• Wednesday, Dec 01, 2021
  • Last Update : 01:34 am

New technique helps farm more fish, minimize waste

  • Published at 07:08 pm August 31st, 2021

‘Using only an acre of land, we can now achieve the same output as a 30-acre pond. It is a simple technology, which is purely organic’

Fish farming, usually done in large ponds, has now moved indoors and is taking up less space as Bangladeshi aquaculture tries its luck at using biofloc technology (BFT).

Biofloc technology was developed in the 1990s as a way for fish and shrimp farmers to conserve feed inputs and utilize wastewater during production by piggybacking off the nitrogen cycle and letting beneficial bacterial colonies proliferate in culture water.

According to some experts, this method uses only 3.3% of the water and land required by ponds, making it very sustainable.

For instance, the use of BFT has enabled Aarsh Agro Limited — a company located in Jalalabad Housing Society, Chittagong — to produce nearly 30 times more fish compared to conventional pond farming.

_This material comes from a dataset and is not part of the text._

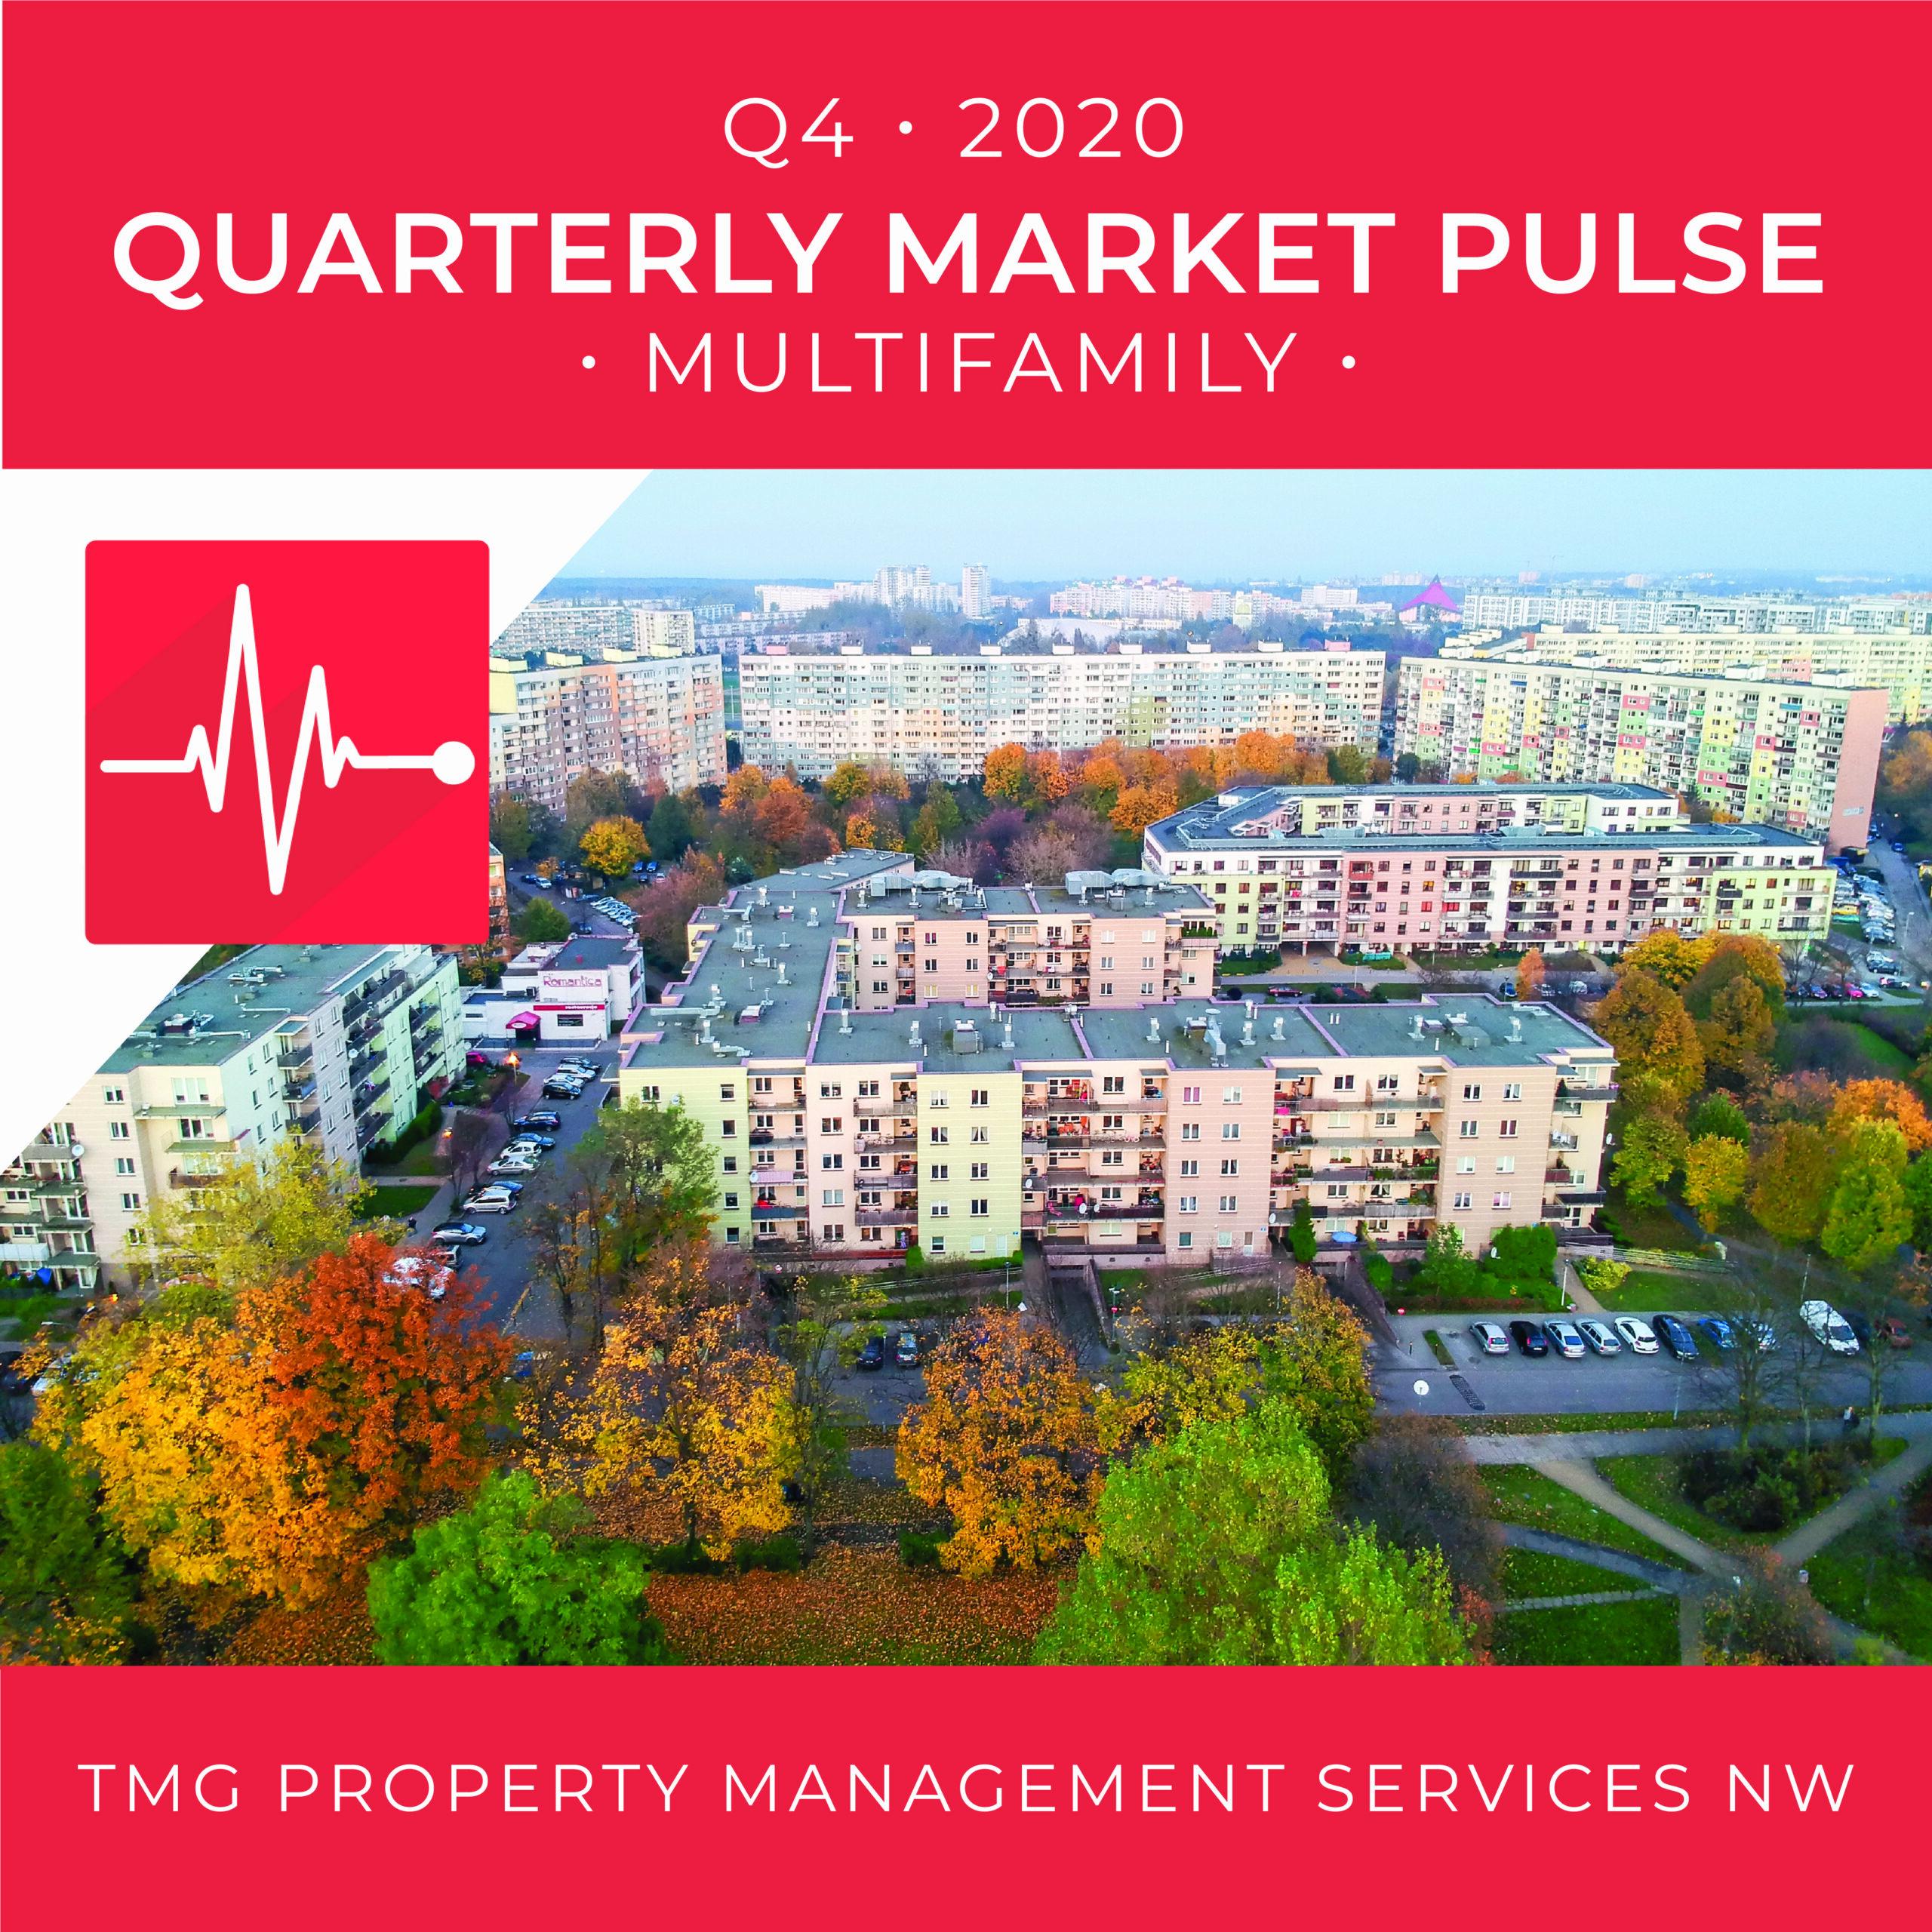 Quarterly Market Pulse Q4 2020

The company started its operations in April last year and is run by four people: Md Wais Hossain, the chairman; Shafeen Sana Chowdhury, managing director; Mizanur Rahman, executive director, and Md Awsaf Hossain.

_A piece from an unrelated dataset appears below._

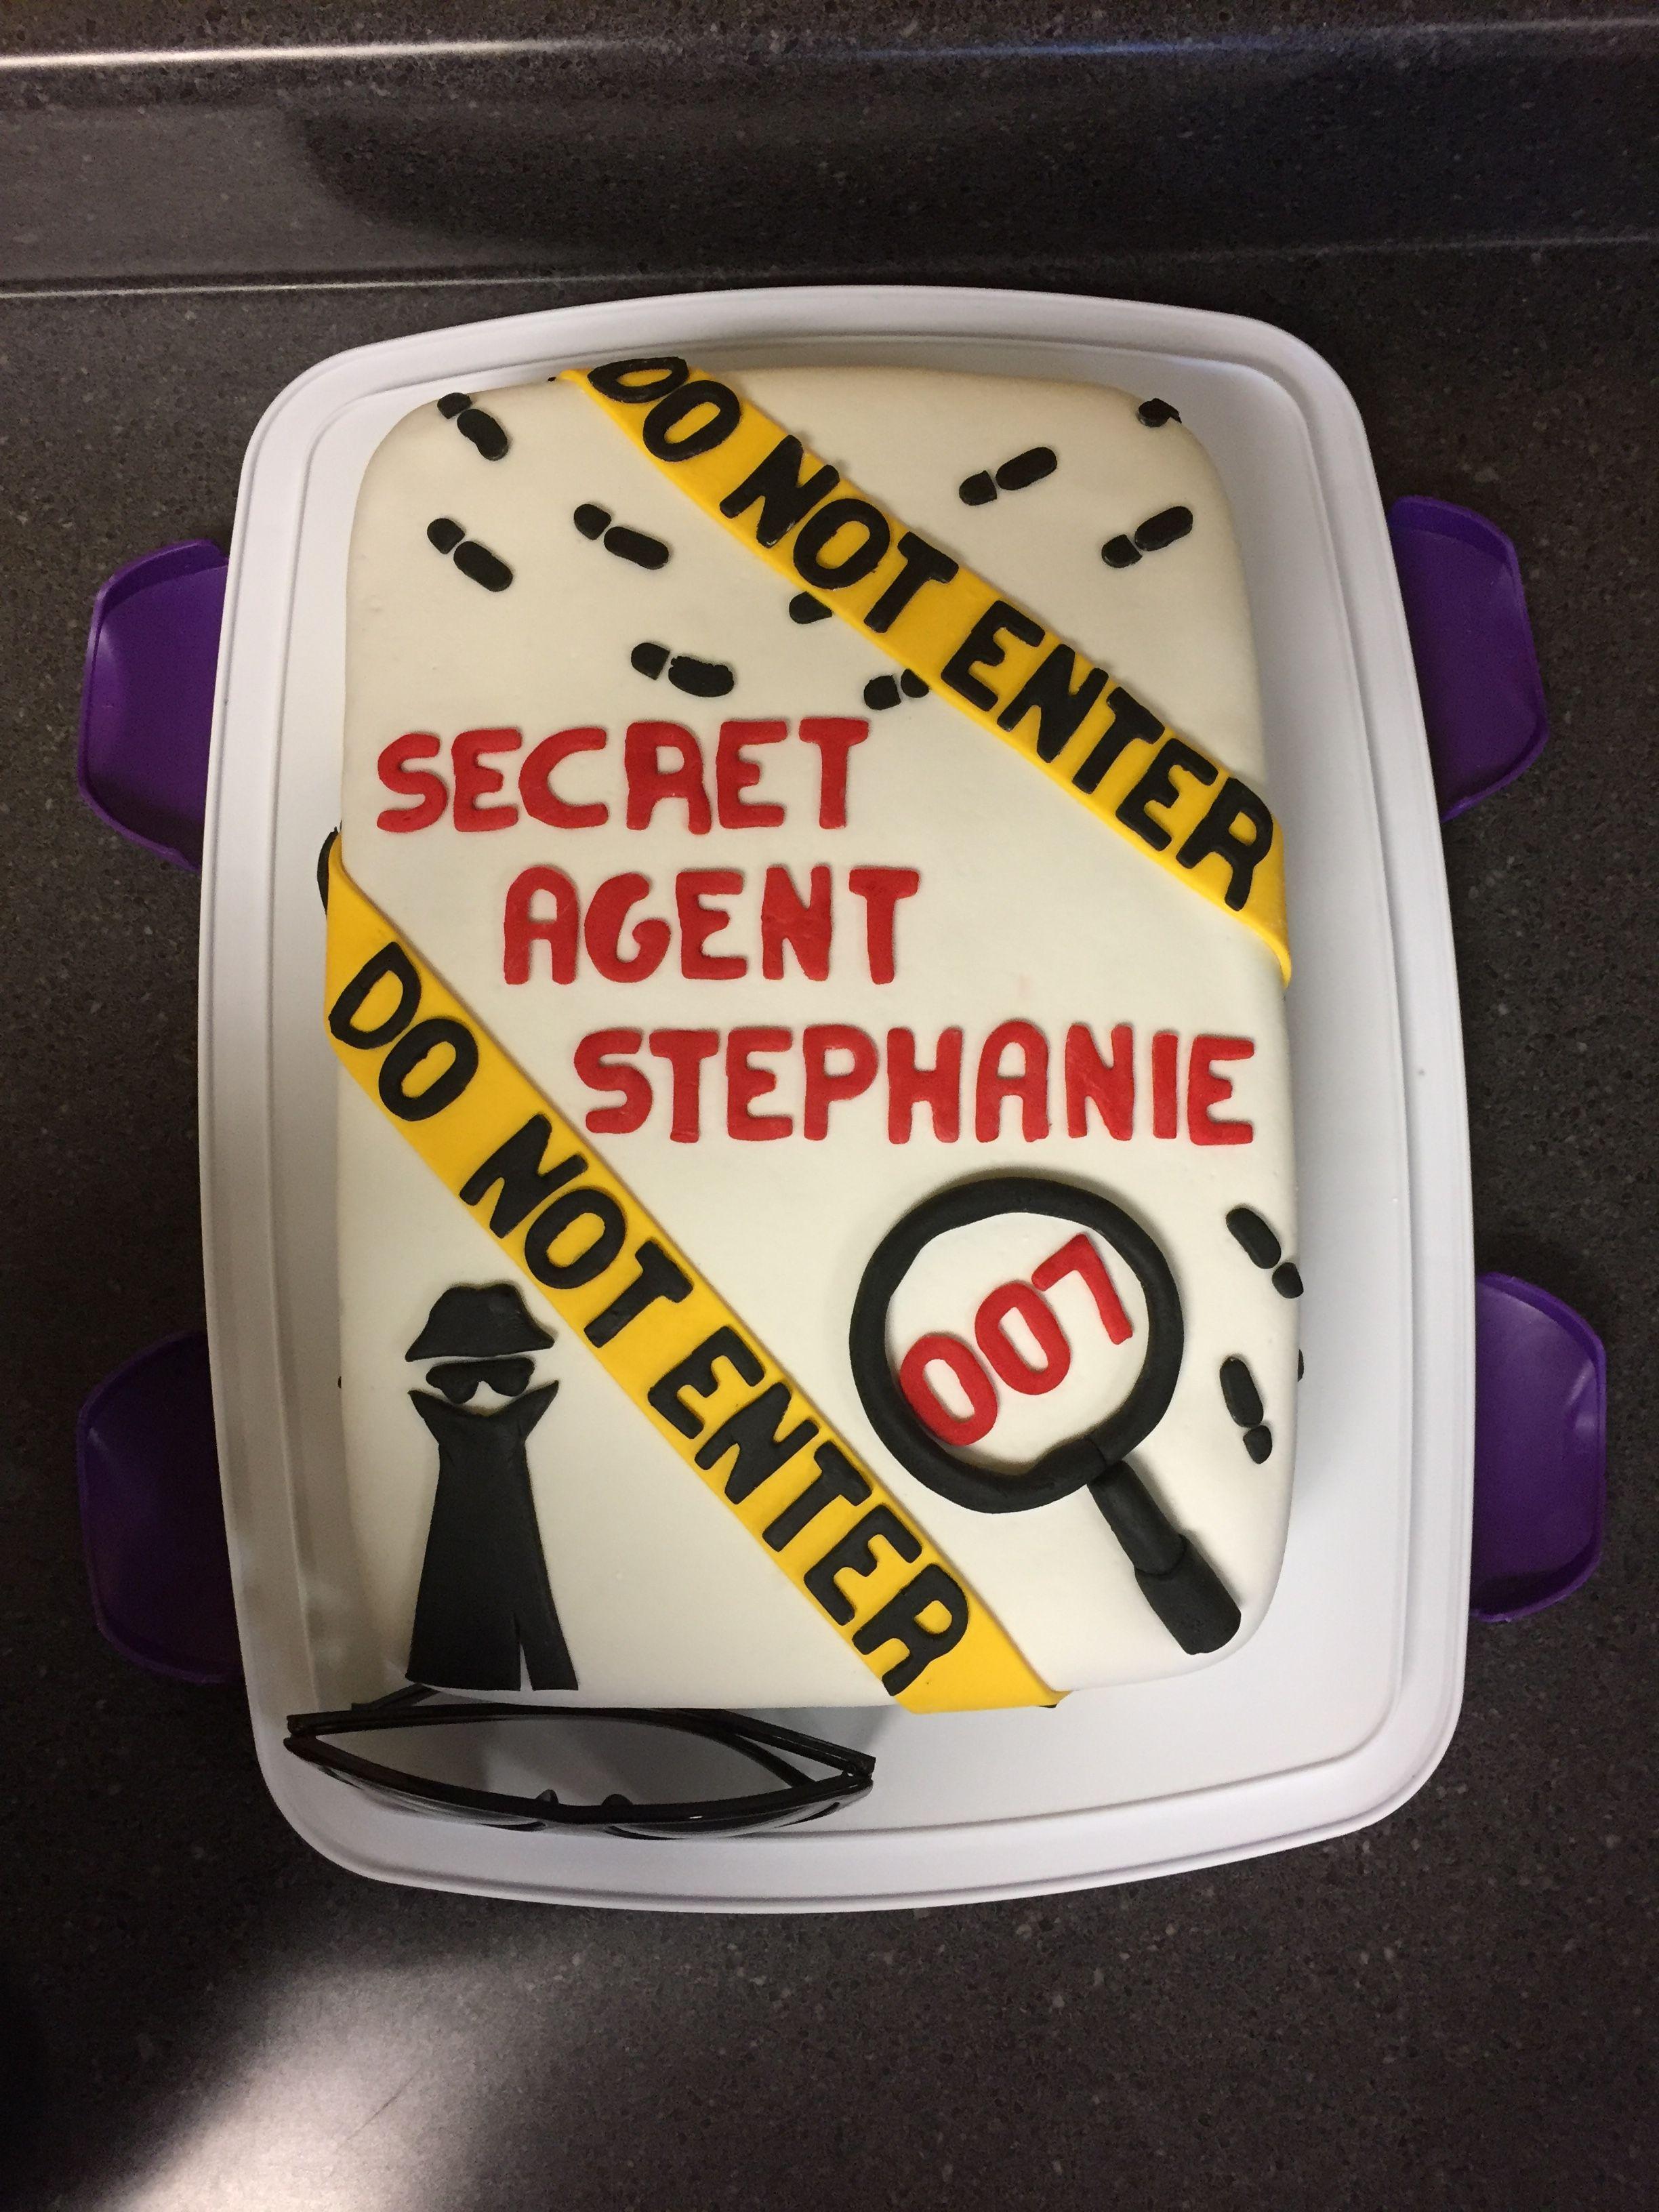 Stephanies Spy Birthday Cake Carsons First Birthday Pinterest

Aarsh Agro is also in the process of expanding through another project in Mawna, Sreepur upazila, which will help boost production facilities from 200,000 litres to 2 million litres. 

In recent years, there have been a lot of fisheries that have adopted this method but not everyone has been able to make it sustainable due to various reasons such as not being able to procure accessories for the system and a lack of experienced people in the sector.

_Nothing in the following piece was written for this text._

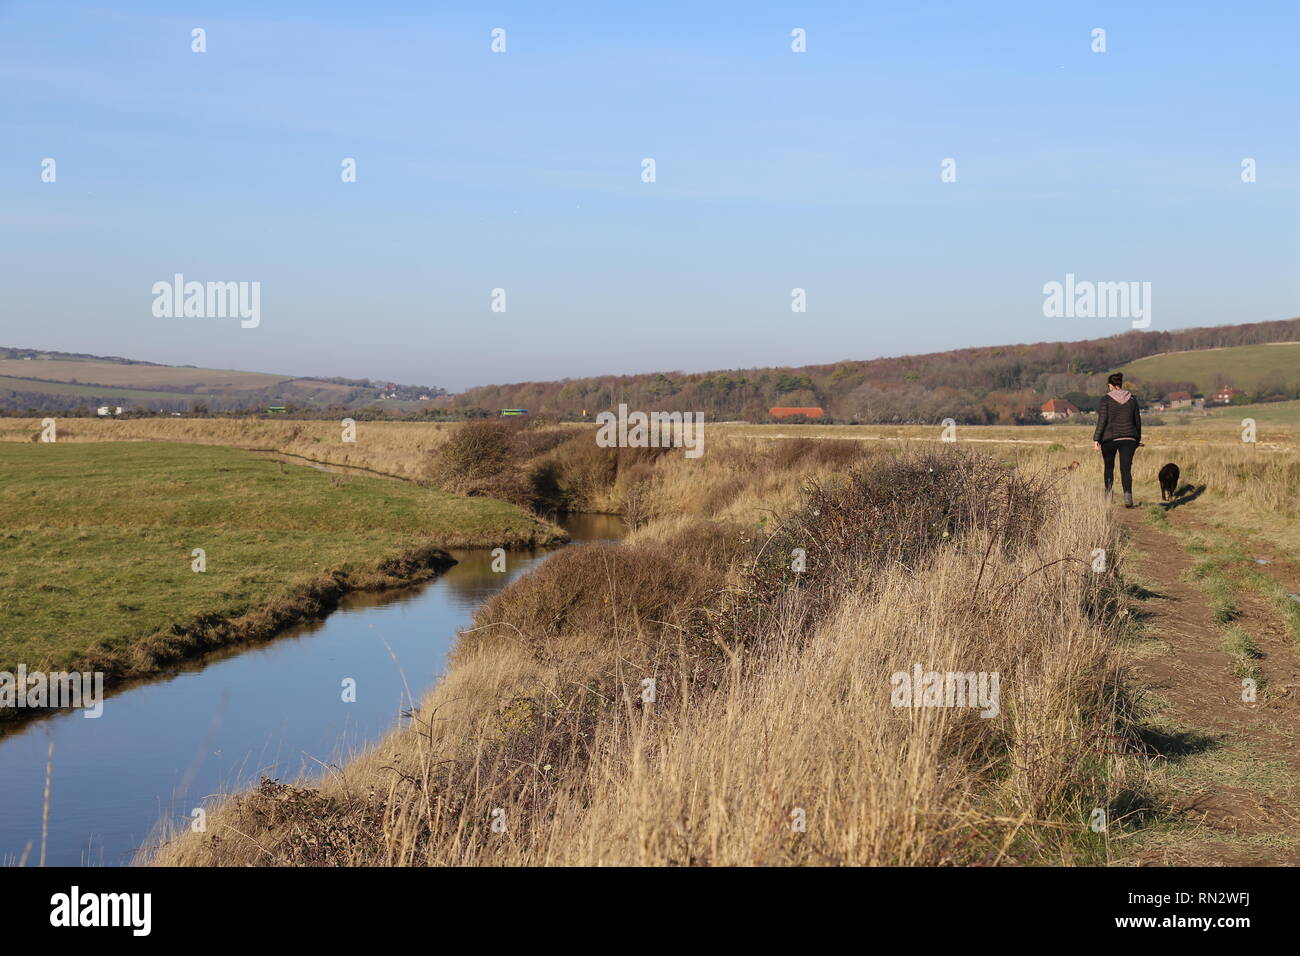 Woman walking dog along river in sunshine - Stock Image

After observing that there is a growing demand for low-cost protein sources, the founders of the company decided to cater to that market.

“In a country like Bangladesh where millions were facing hardships especially during the pandemic, we looked for ways to solve that issue. Given that we had limited knowledge in the field when we started, we spent a month on feasibility studies, researching case studies, research papers and YouTube tutorials, after which in mid-April last year, we arrived at the biofloc solution with a pilot project of a 10,000-litre-capacity,” said Shafeen Sana Chowdhury.

However, they did face obstacles, such as not finding reliable sources for good quality fry.

Transportation of the fry was a big challenge, according to the team, especially for their Chittagong project as it had to be transported long distances from Mymensingh and Bogura.

“High feed costs are another issue, as due to the pandemic, fish prices are also low in the market. We are educating and training ourselves and are currently working with consultants to mitigate the issues we have,” Chowdhury added.

When it comes to food, there are certain chemicals and nutrients that have to be added in the tanks from time to time from which the fish sustain.

Even though these nutrients are often available, there are various low-quality alternatives that these farmers have to be careful of.

Aarsh Agro currently employs five people who are in charge of maintaining the process. Apart from that, the owners also contribute their time to the fishery.

“Using only an acre of land, we can now achieve the same output as a 30-acre pond. It is a simple technology, which is purely organic,” said Wais.

He added: “The difference lies in the science of combining probiotic and fish waste into floc which becomes food and balance for the aquaculture — oxygen, nitrogen, and ammonia. The final result is the high-density growth for fish within a calculated time frame.”

According to the owners, if there were grants from the government or even soft loans available, then many more would also join in and develop the sector further.

They had to make an investment of Tk50 lakh to start the project.

“We fixed a target that by 2030, we will expand in sustainable ways to meet Bangladesh’s protein deficit. For this, we plan to scale up our capacity with quality fish while updating the technology from time to time,” Wais added.

But producing fish using this method is not a cakewalk.

According to a research paper published in Biotica Research Today, the technology requires active management to be successful.

The system requires a start-up period and yields are not always consistent between seasons. Since producers must constantly mix and aerate culture water, energy costs could be higher than expected.

In addition to these factors, producers must actively manage the biofloc ponds to prevent nitrite accumulation and to keep alkalinity levels remaining within a healthy range.

Monitoring fish health and welfare is also key as bioflocs can increase the levels of suspended solids in the water, leaving fish and shrimp susceptible to environmental stress.